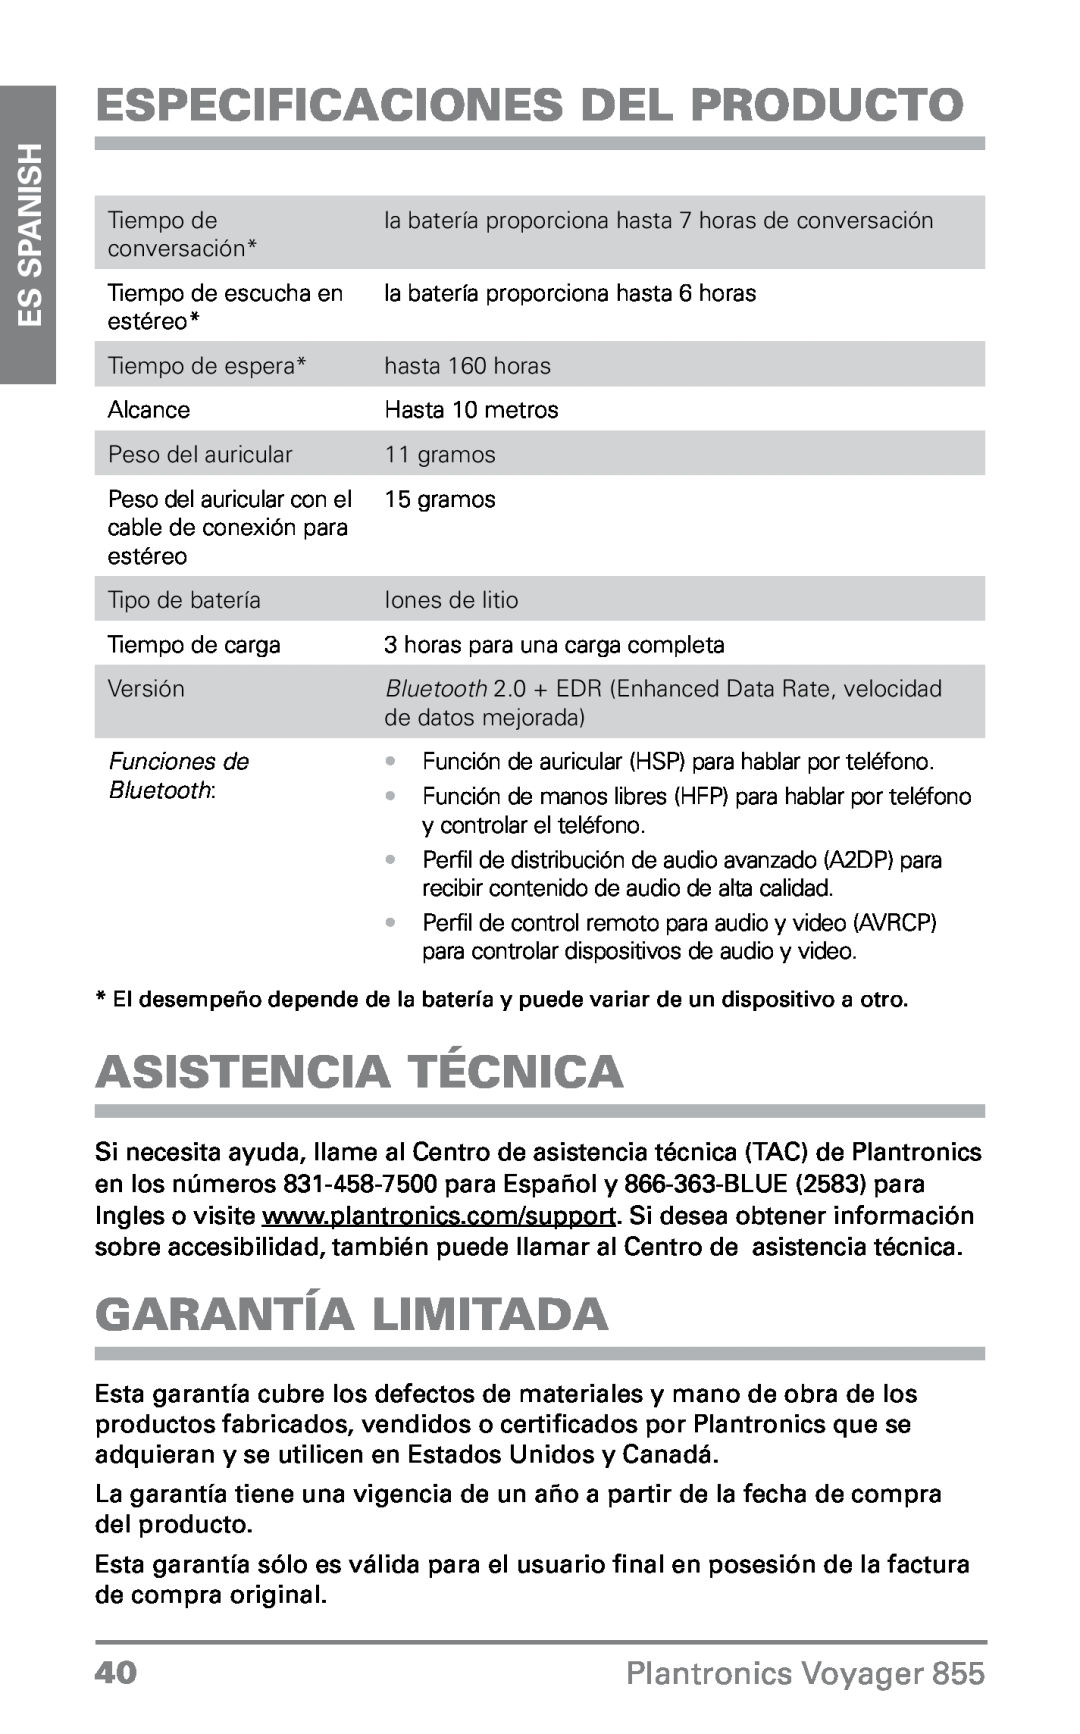 Plantronics VOYAGER855 manual Especificaciones del producto, Asistencia técnica, Garantía limitada, ES Spanish 
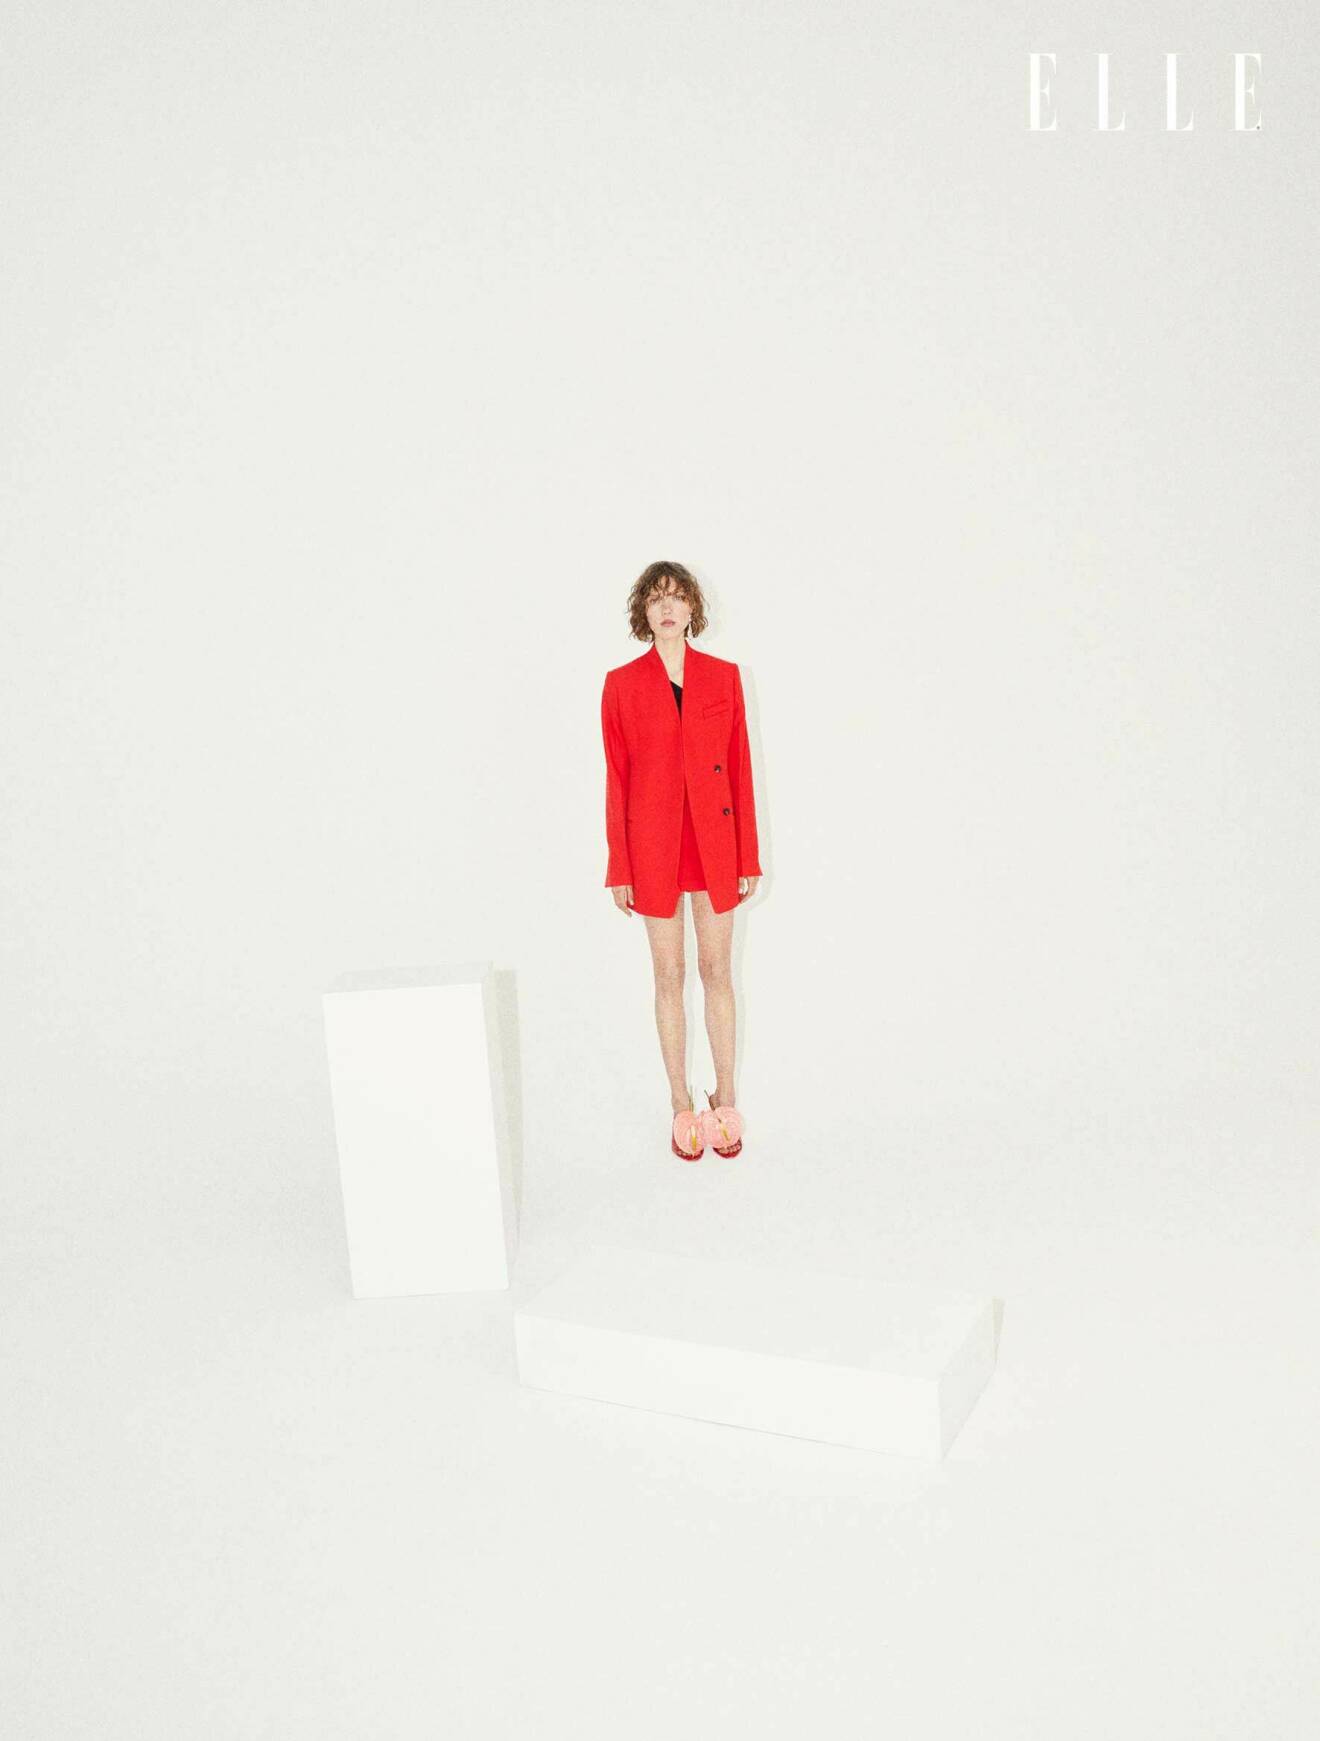 Modellen har på sig en röd kavaj, kjol och skor, allt från Salvatore Ferragamo.
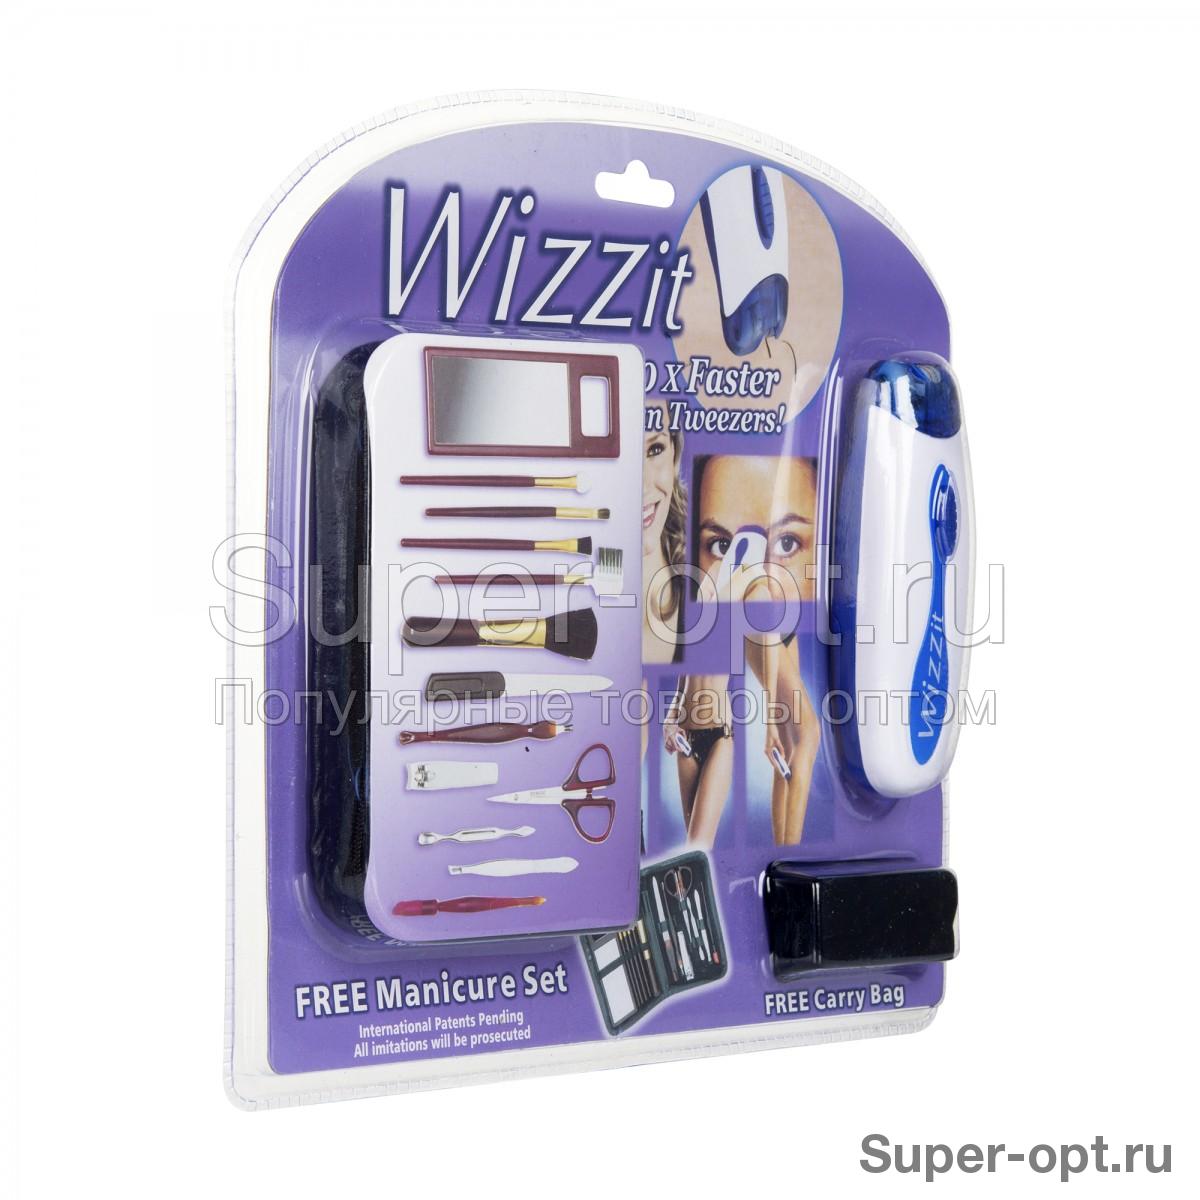  Эпилятор Wizzit Free Manicure Set с маникюрным набором
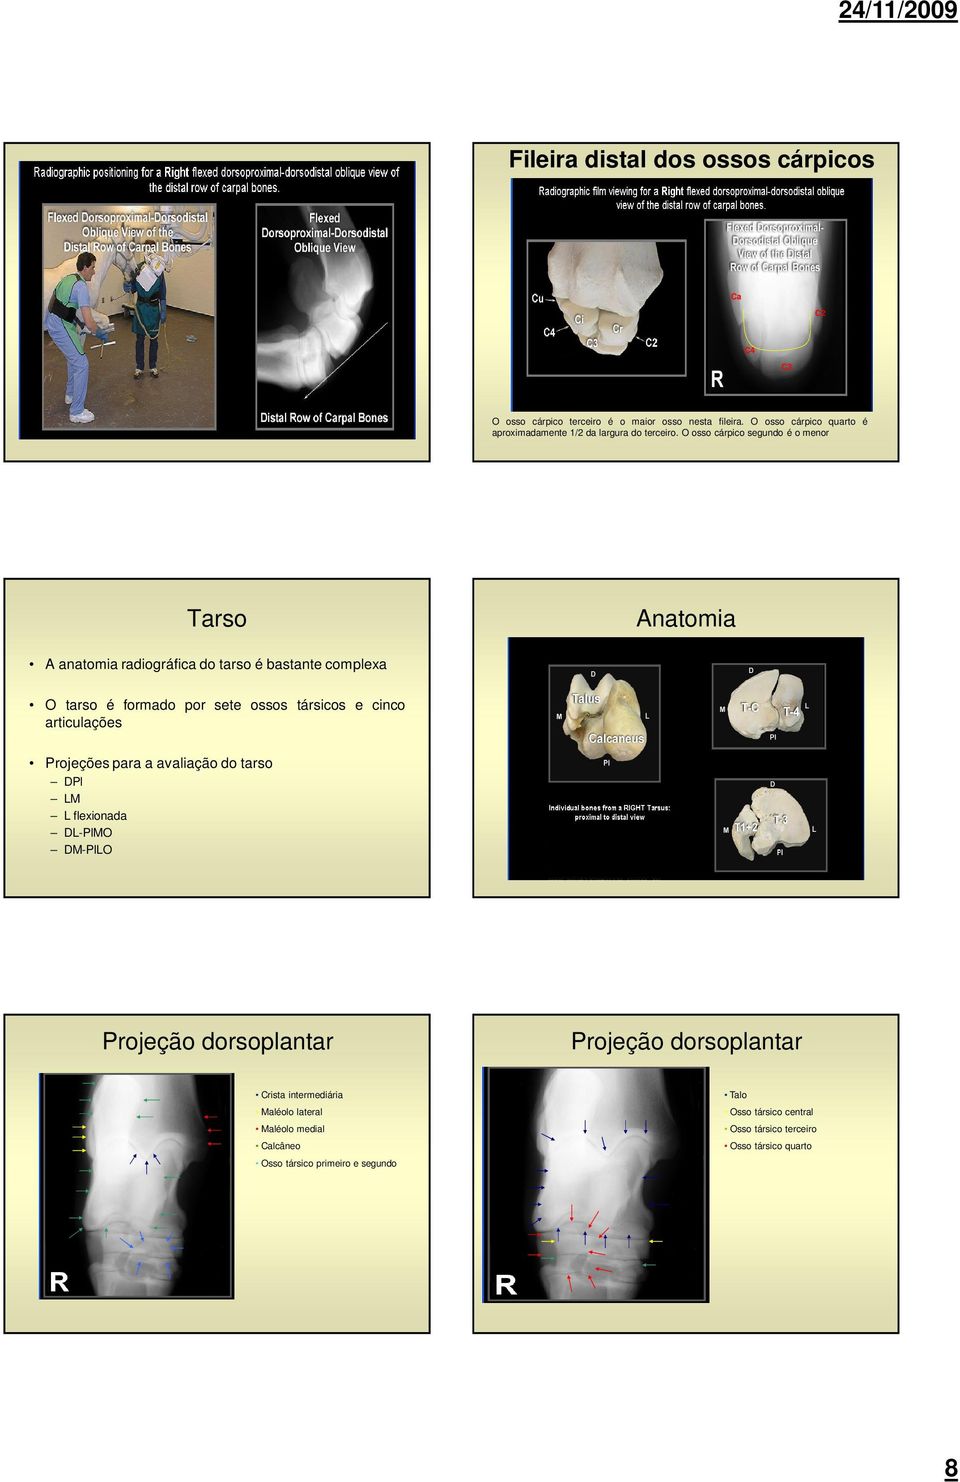 O osso cárpico segundo é o menor Tarso Anatomia A anatomia radiográfica do tarso é bastante complexa O tarso é formado por sete ossos társicos e cinco
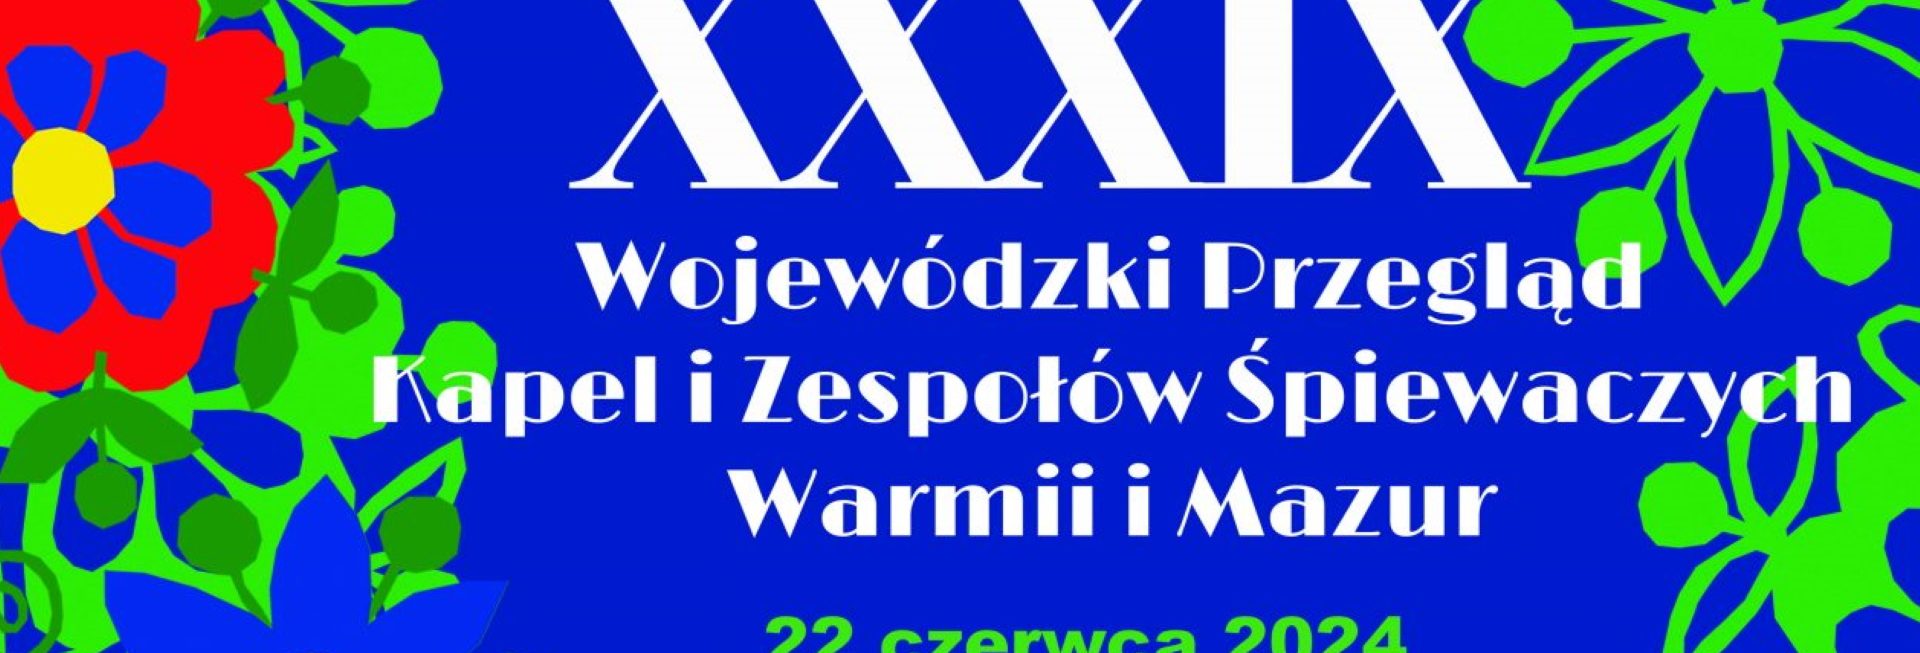 Plakat zapraszający w sobotę 22 czerwca 2024 r. do Jezioran na 39. edycję Wojewódzkiego Przeglądu Kapel i Zespołów Śpiewaczych Warmii i Mazur Jeziorany 2024.

Description of the task: Leave out the pictures and transcribe the entries above exactly.

Your response:
 Plantronics VOYAGER855 manual Especificaciones del producto, Asistencia técnica, Garantía limitada, ES Spanish 
 Modellen har på sig en röd kavaj, kjol och skor, allt från Salvatore Ferragamo.
  Эпилятор Wizzit Free Manicure Set с маникюрным набором
 O osso cárpico segundo é o menor Tarso Anatomia A anatomia radiográfica do tarso é bastante complexa O tarso é formado por sete ossos társicos e cinco
 Plakat zapraszający w sobotę 22 czerwca 2024 r. do Jezioran na 39. edycję Wojewódzkiego Przeglądu Kapel i Zespołów Śpiewaczych Warmii i Mazur Jeziorany 2024.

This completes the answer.